Why To-Do Lists Don't Work (and What to Use Instead) - melissajoykong
http://melissajoykong.tumblr.com/post/46933074122/to-do-lists-dont-work

======
_smaugh
fragment of the Dale Carnegie's illuminating book: How to win friends and
Influence people:

“For years I have kept an engagement book showing all the appointments I had
during the day. My family never made any plans for me on Saturday night, for
the family knew that I devoted a part of each Saturday evening to the
illuminating process of self-examination and review and appraisal.

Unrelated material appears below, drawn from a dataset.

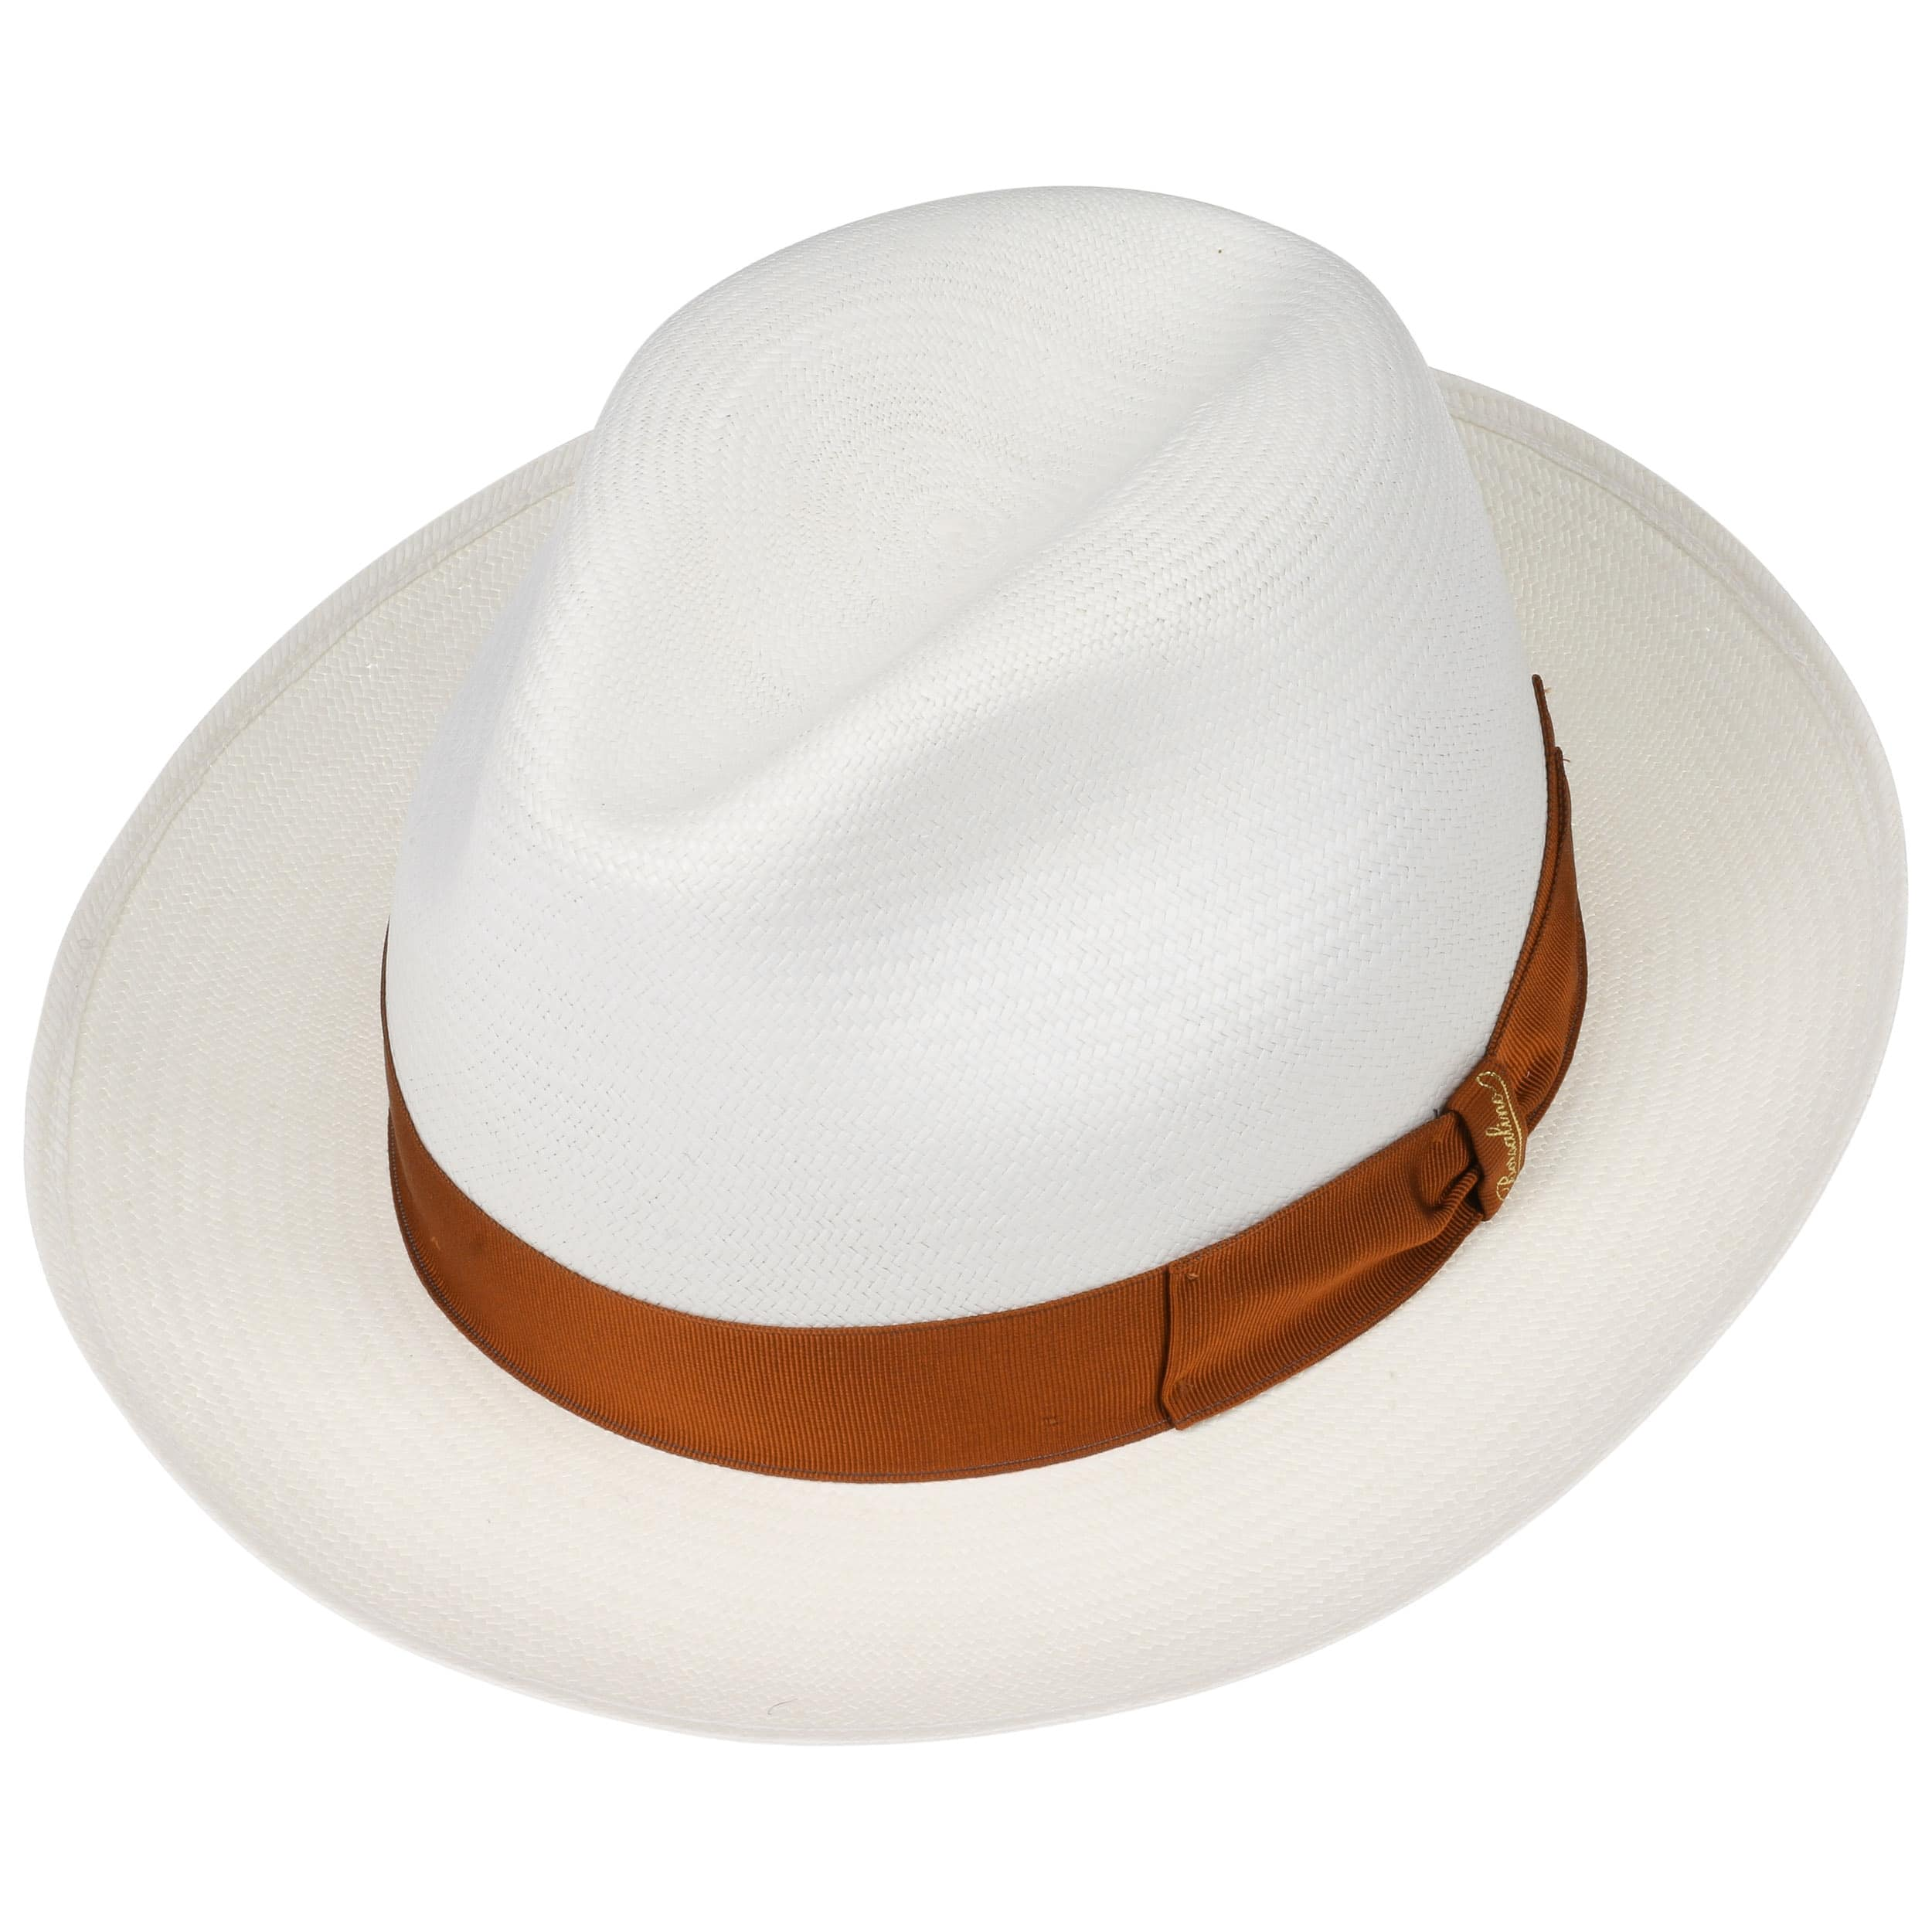 Sombrero Panamá Brown Small by Borsalino - Sombreros - sombreroshop.es b8e49aa4ad0

After dinner I went off by myself, opened my engagement book, and thought over
all the interviews, discussions and meetings that had taken place during the
week. I asked myself: ‘What mistakes did I make that time?’ ‘What did I do
that was right-and in what way could I have improved my performance?’ ‘What
lessons can I learn from that experience?’ “I often found that this weekly
review made me very unhappy. I was frequently astonished at my own blunders.

Of course, as the years passed, these blunders became less frequent. Sometimes
I was inclined to pat myself on the back a little after one of these sessions.

This system of self-analysis, self-education, continued year after year, did
more for me than any other one thing I have ever attempted.

“It helped me improve my ability to make decisions \- and it aided me
enormously in all my contacts with people. I cannot recommend it too highly.”